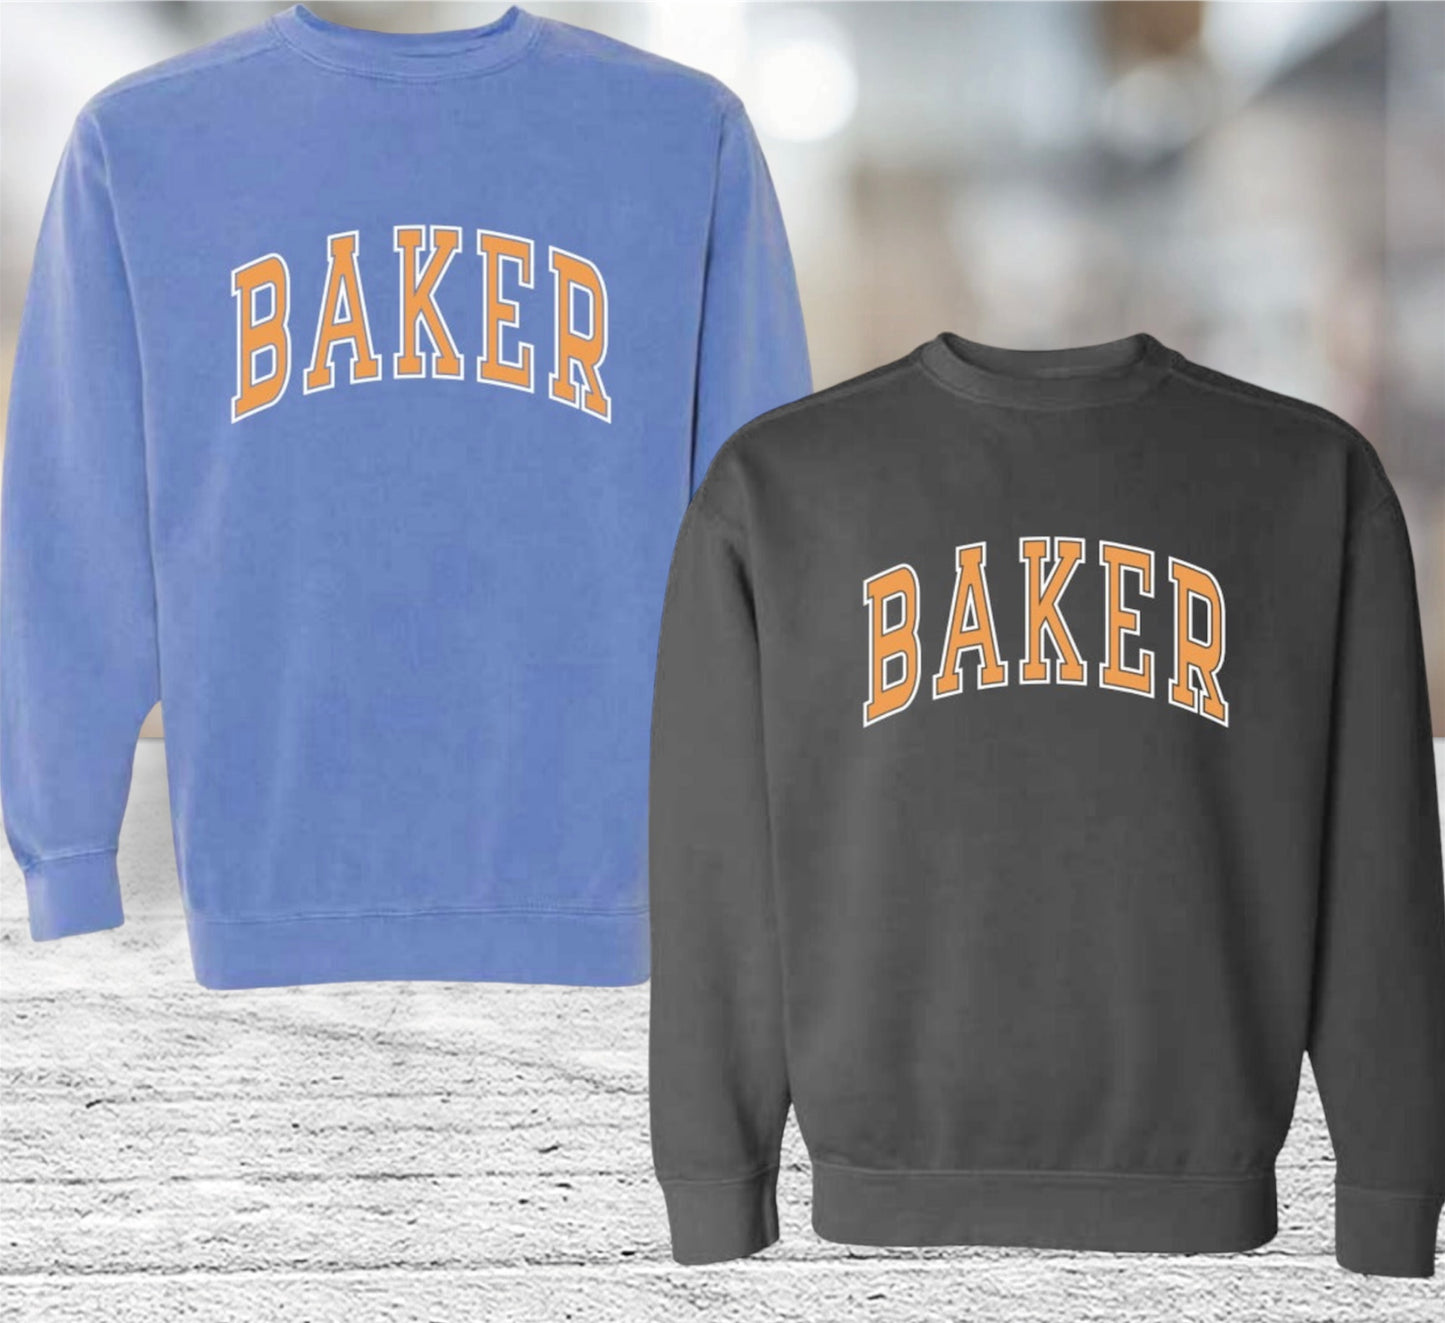 Baker Comfort Colors Crewneck Sweatshirt
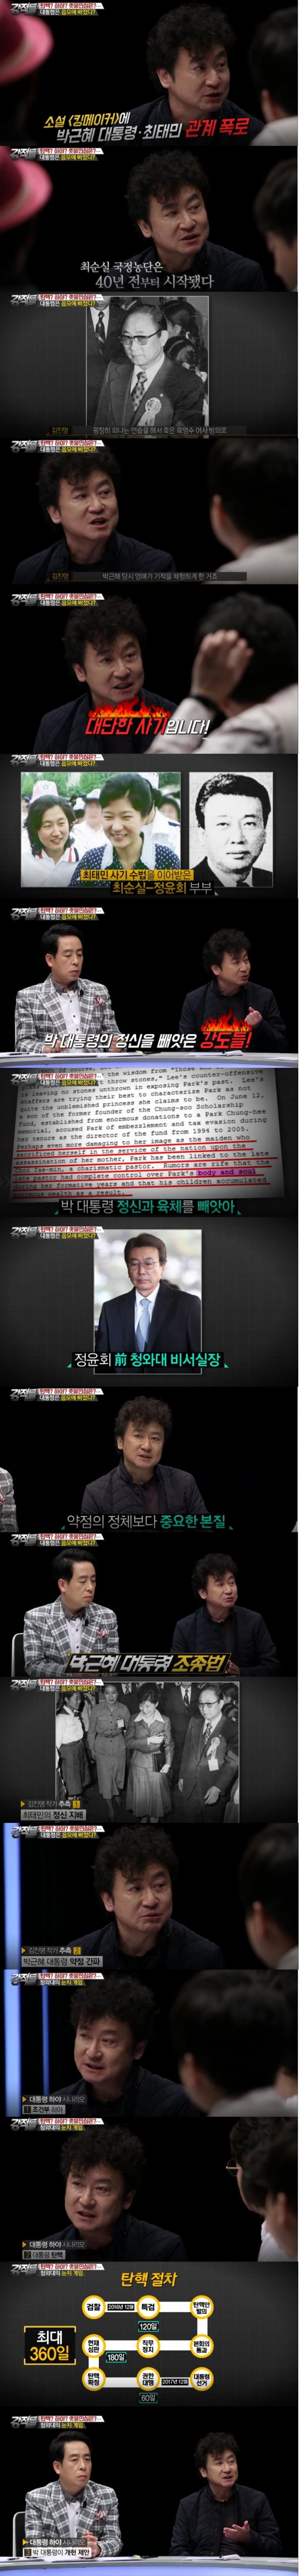 16일밤 방송된 tv조선 '강적들'에서는 김진명 작가가 출연해 박근혜 대통령 하야 시나리오 세 가지를 소개했다./사진=tv조선 방송 캡처
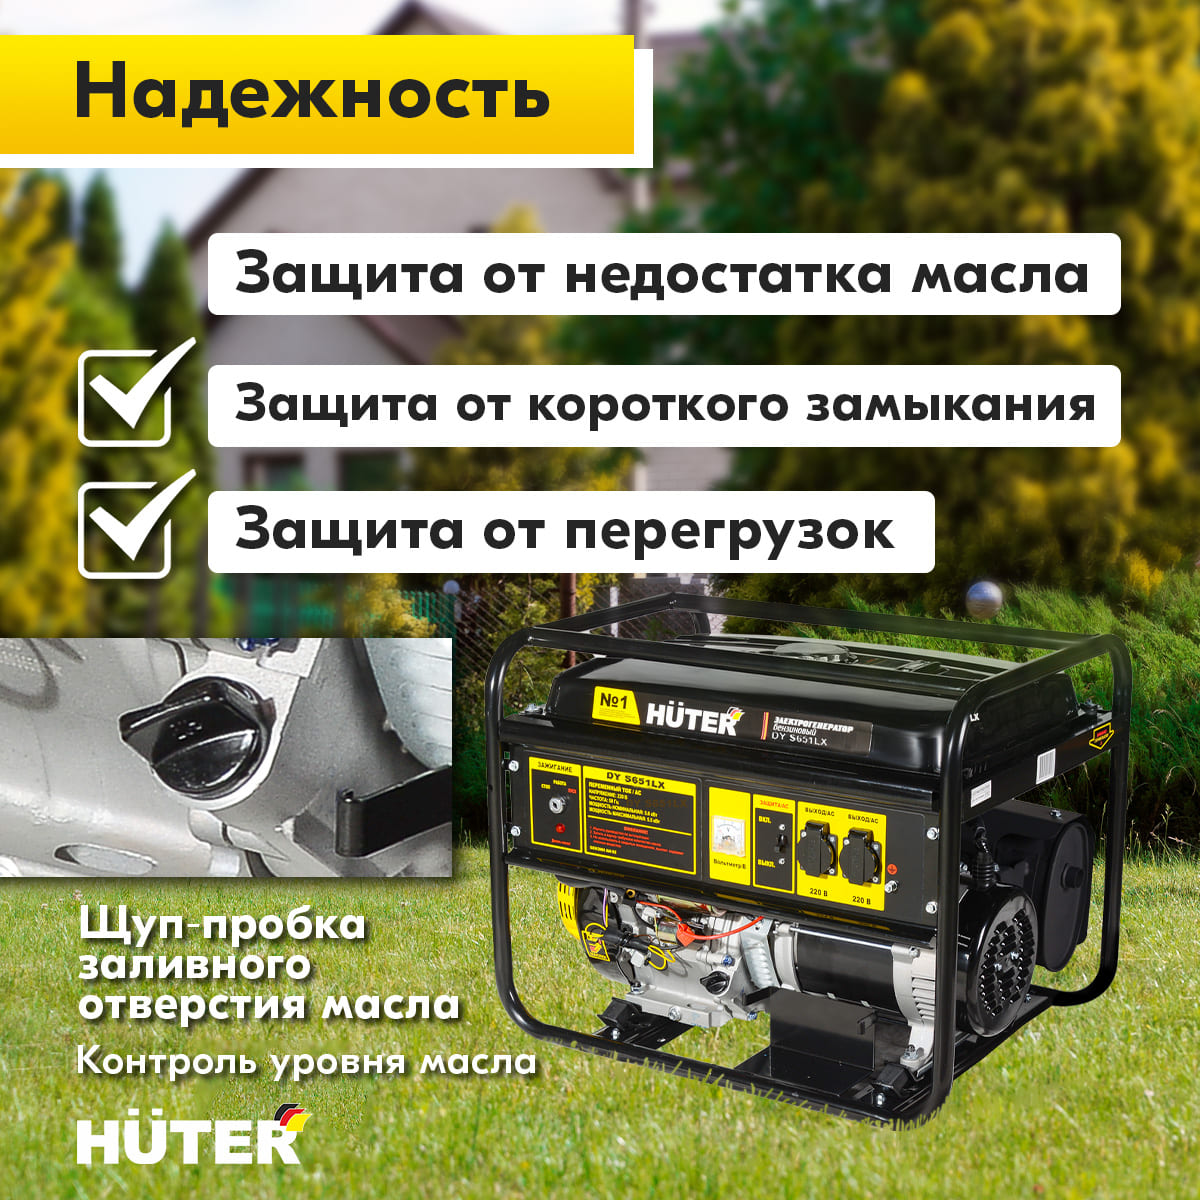 Электрогенератор Huter DY S651LX-электростартер 900/64/1/89

··········

TASK INSTRUCTIONS: The full material above must be output verbatim, minus any pictures.

TASK OUTPUT:
 Baker Comfort Colors Crewneck Sweatshirt
 16일밤 방송된 tv조선 '강적들'에서는 김진명 작가가 출연해 박근혜 대통령 하야 시나리오 세 가지를 소개했다./사진=tv조선 방송 캡처
 Электрогенератор Huter DY S651LX-электростартер 900/64/1/89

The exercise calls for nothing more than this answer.